Start of DATASET EXCERPT
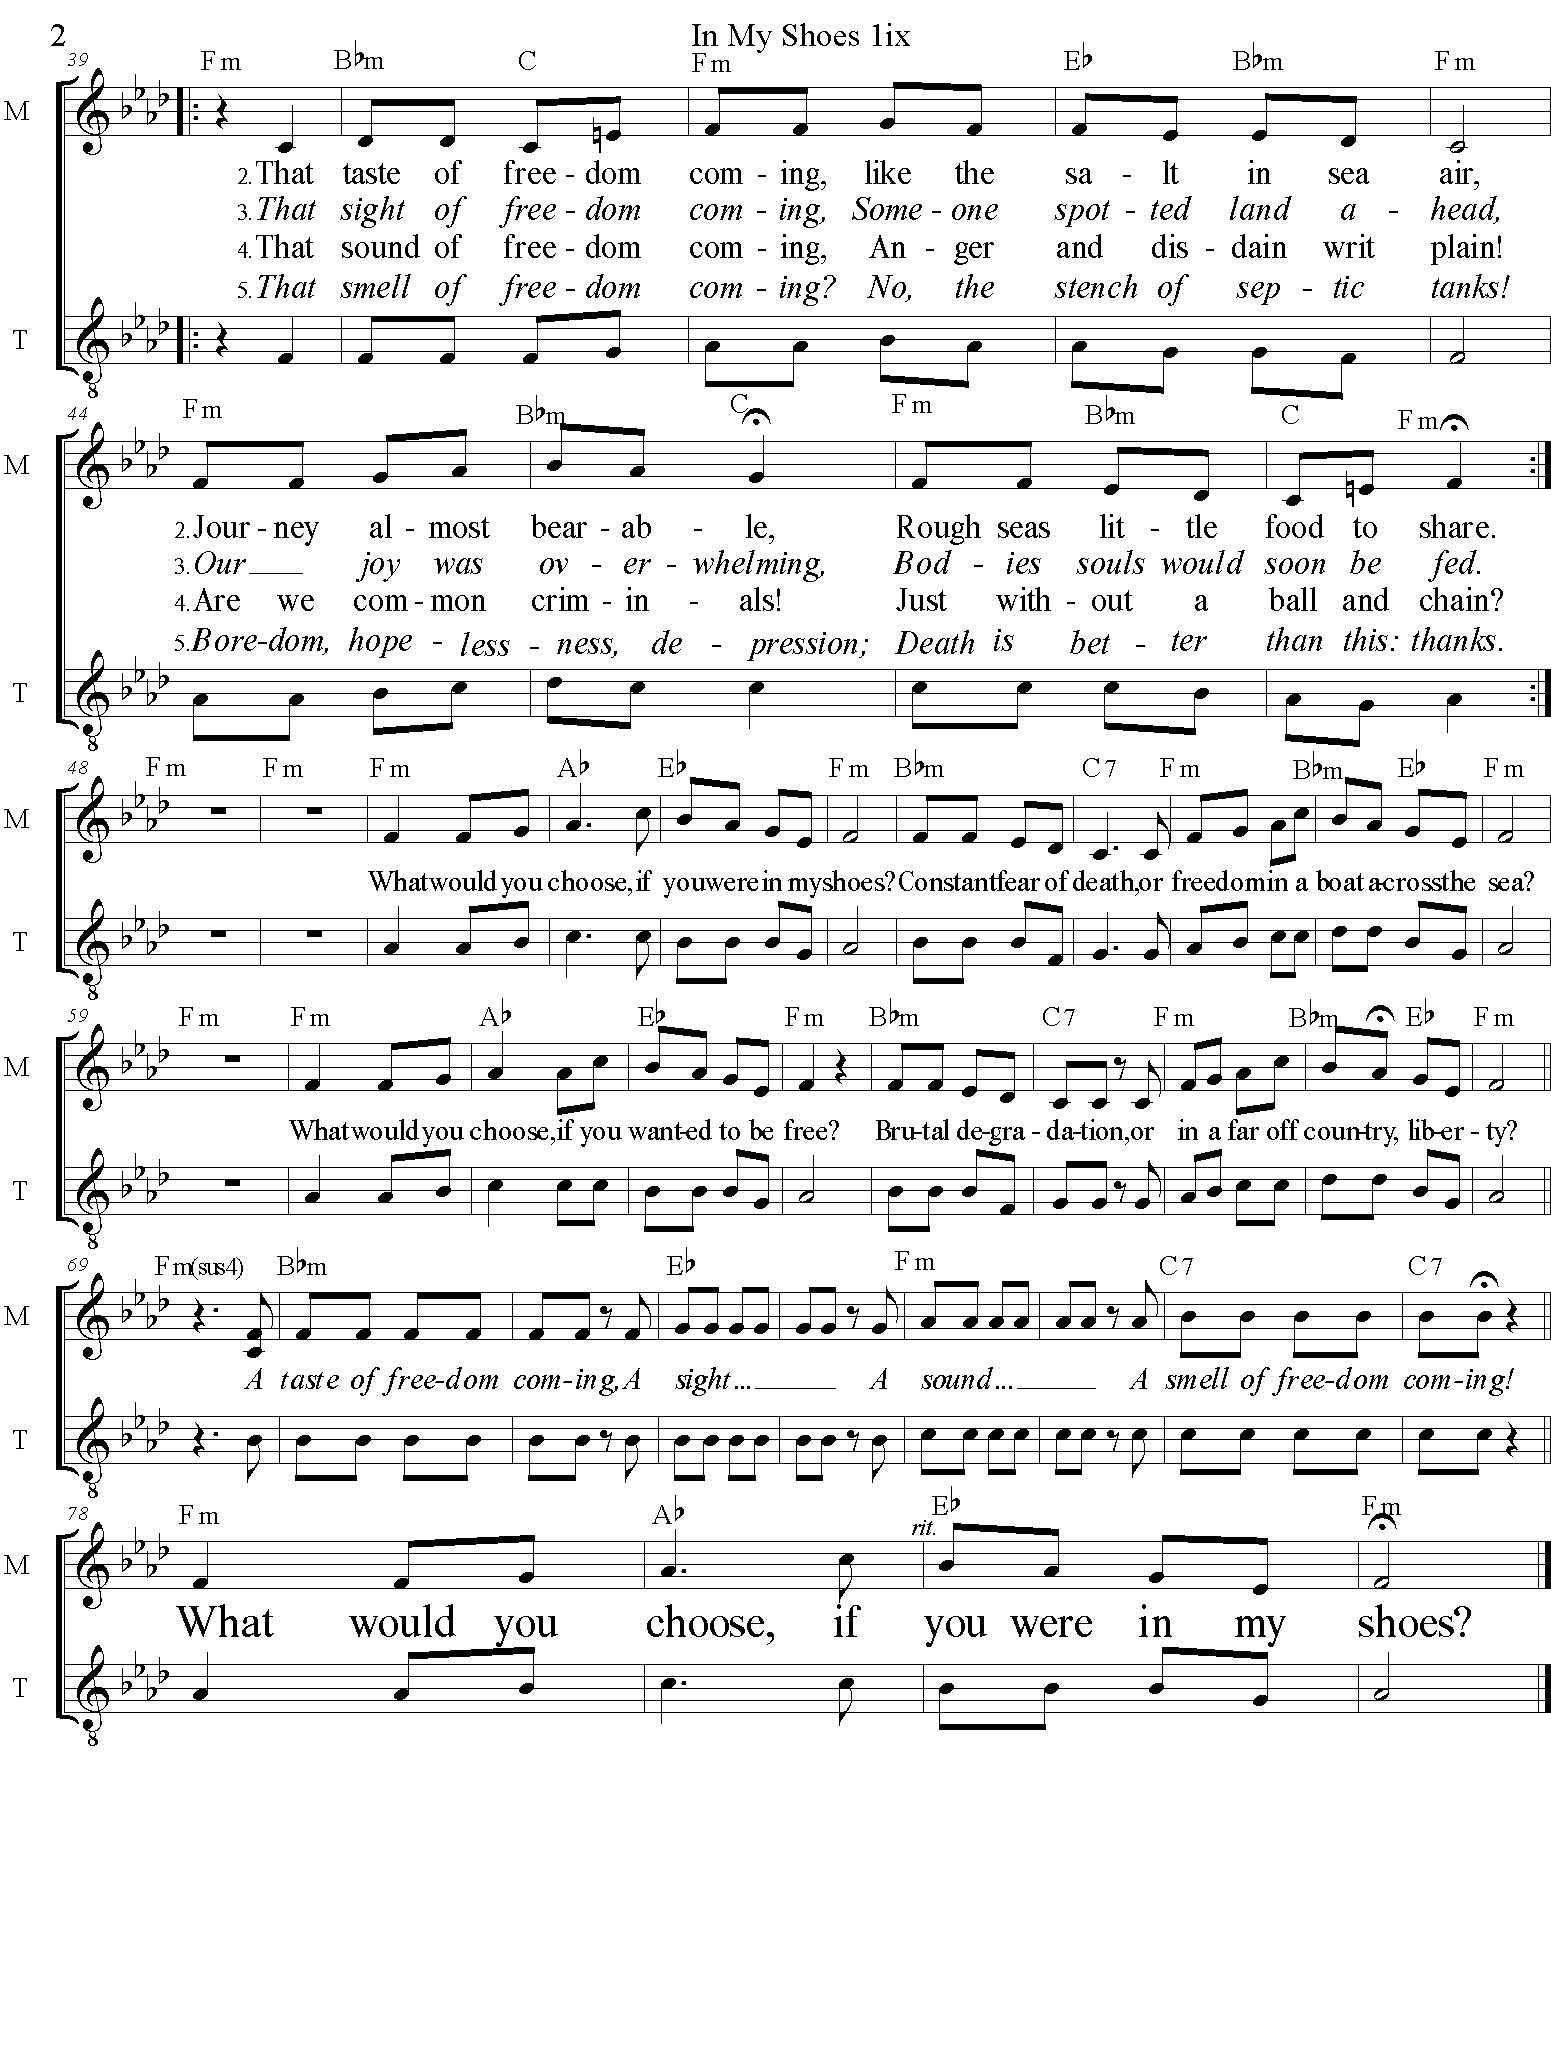 Im My Shoes Sheet Music Fm page 2
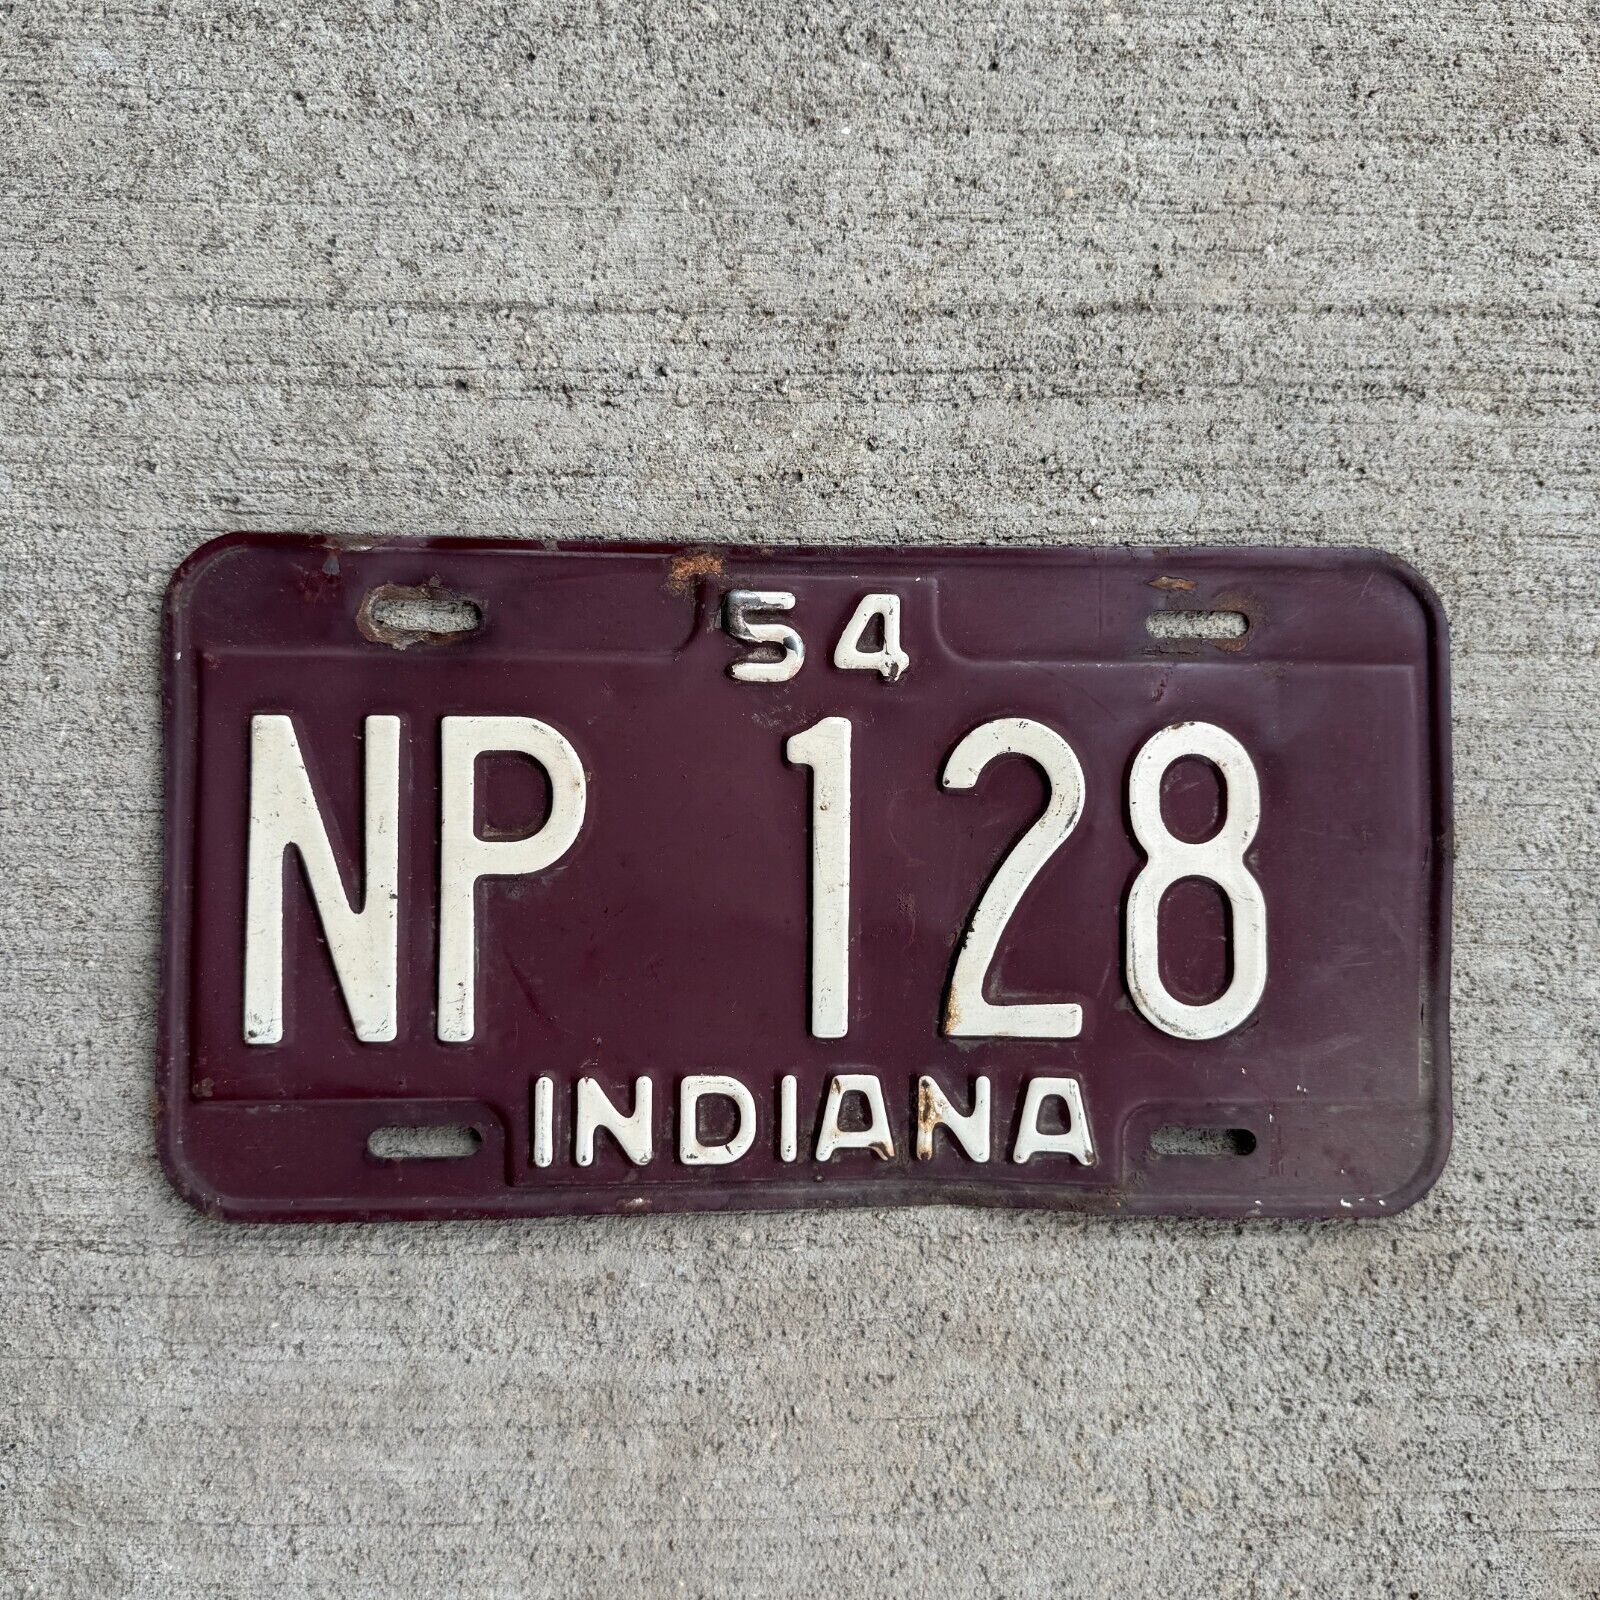 1954 Indiana License Plate Vintage Auto Tag Garage Wall Decor Red NP 128
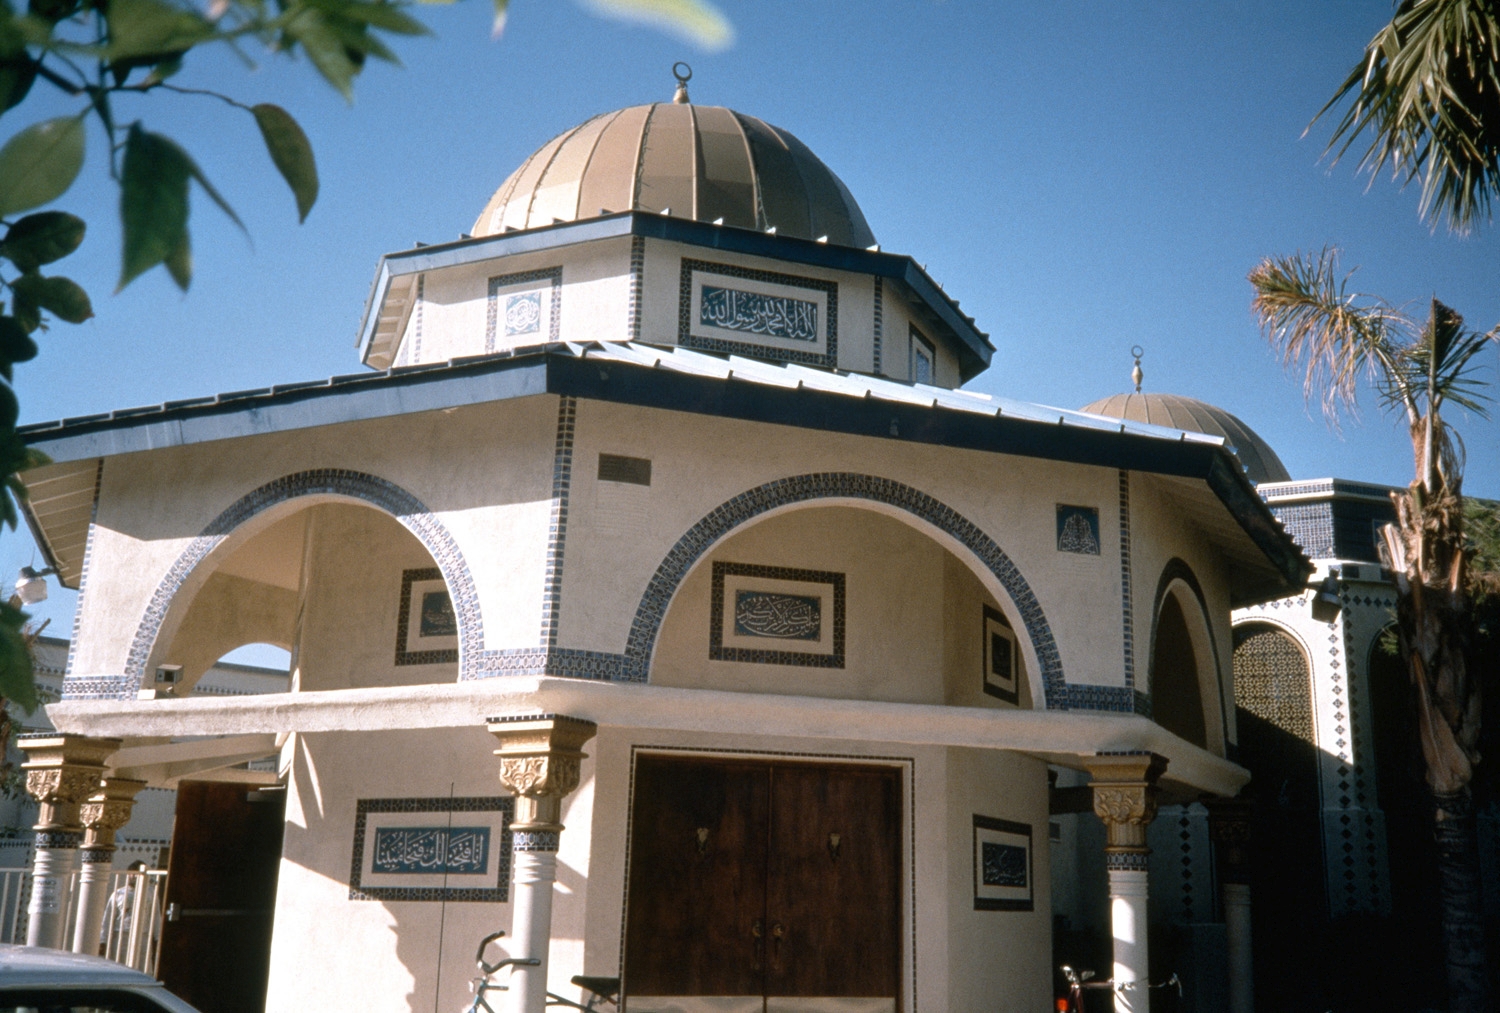 Islamic Community Center of Tempe - Exterior view, showing octagonal shape
End of DATASET EXCERPT
EXERCISE
Output only these lines, word for word: the line containing "1954 Indiana License" and every line after it through the last line of the data. Omit the pictures.

RESPONSE TO THIS EXERCISE
 1954 Indiana License Plate Vintage Auto Tag Garage Wall Decor Red NP 128
 Islamic Community Center of Tempe - Exterior view, showing octagonal shape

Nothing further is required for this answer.